For the lines from the one with "View of Gloucester Harbor." to the end of the listing below, both ends included, give an exact copy and nothing more. Do not copy pictures.

> [THE DATA]
= = = = = = =

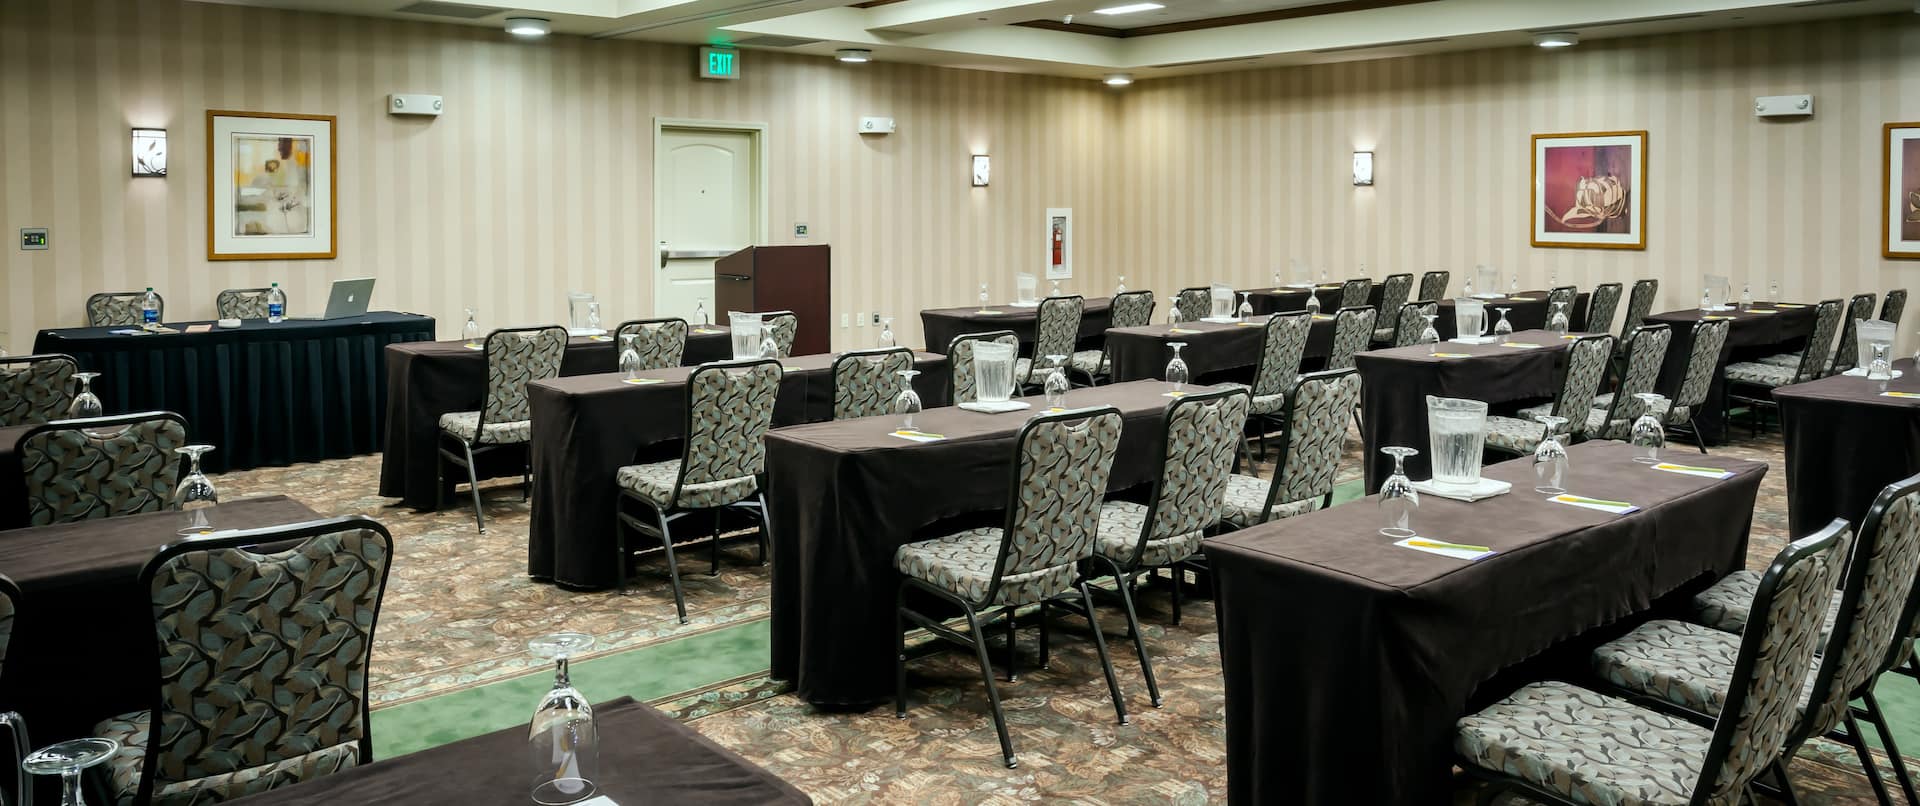 Classroom Setup in Meeting Room With Tables and Chairs Facing Speaker's Table With Laptop, Two Chairs, and Podium
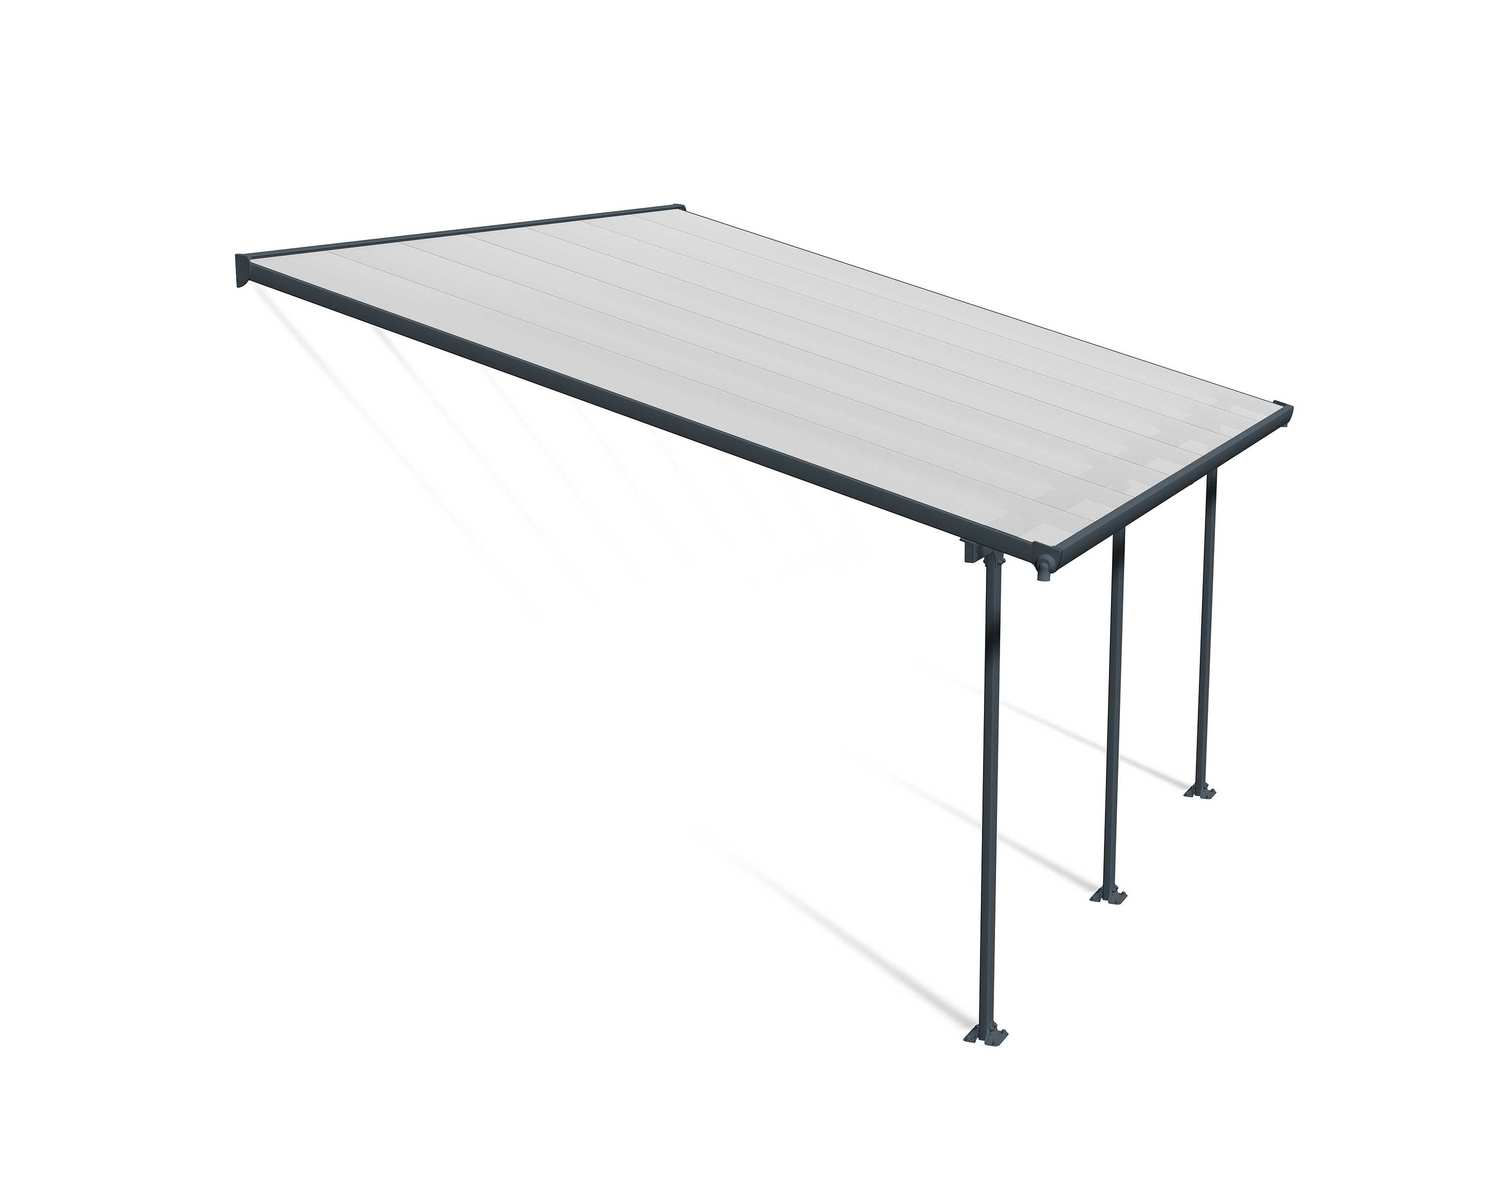 Feria 13 ft. x 14 ft. Grey Aluminium Patio Cover With 3 Posts, Clear Twin-Wall Polycarbonate Roof Panels.
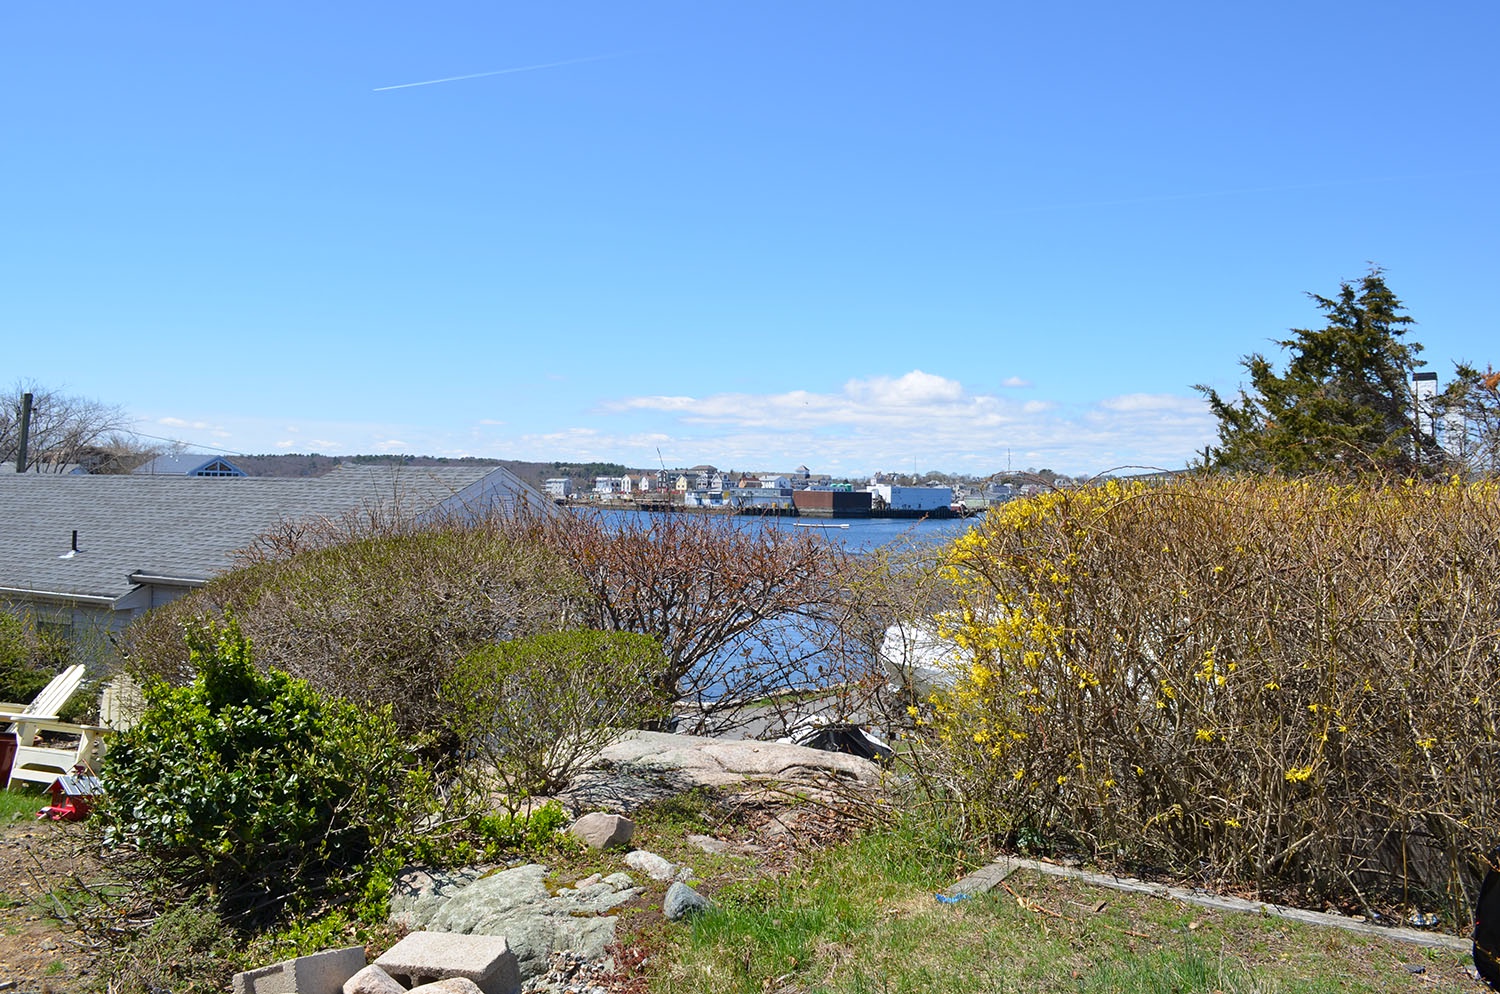 View of Gloucester Harbor.
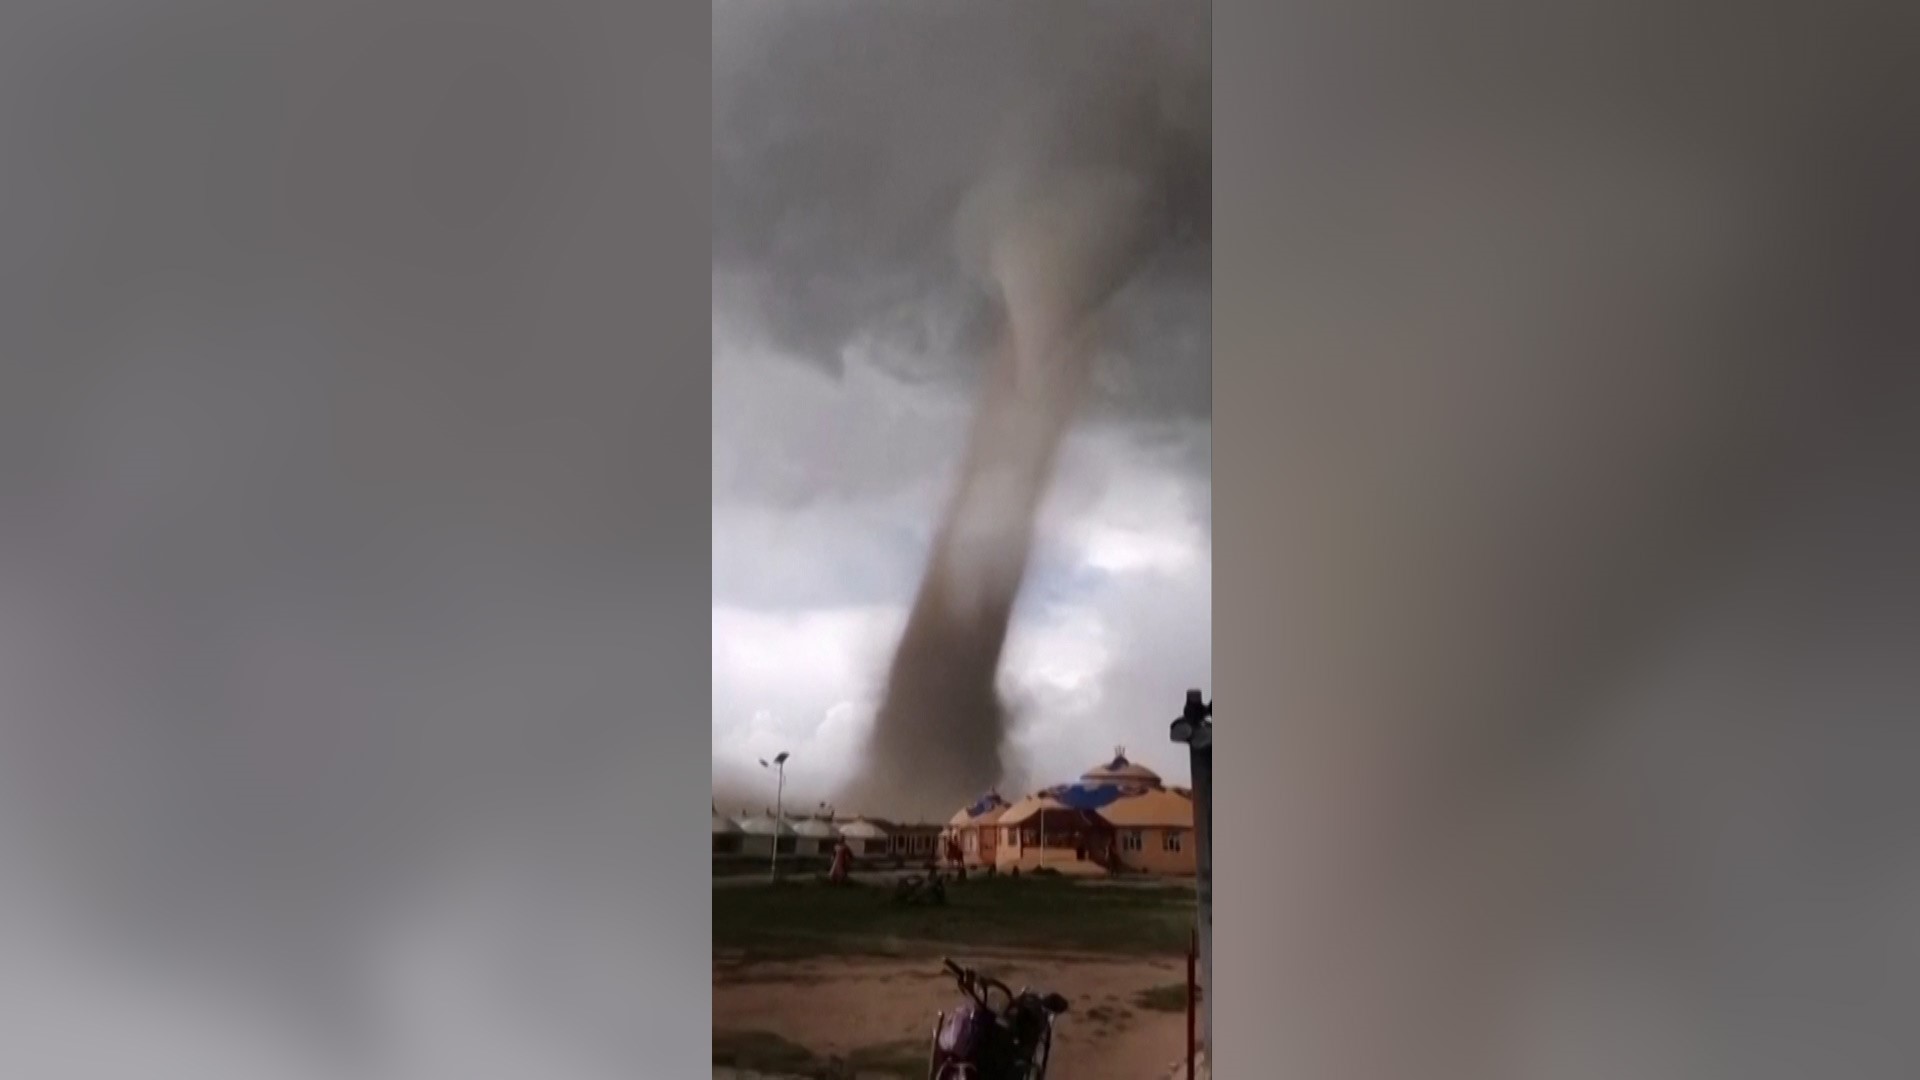 A tornado hit Baotou City of northern China on Aug. 9, 2020, injuring 33 people.

= = = = = = =

> [PROBLEM SOLUTION]
 View of Gloucester Harbor.
 A tornado hit Baotou City of northern China on Aug. 9, 2020, injuring 33 people.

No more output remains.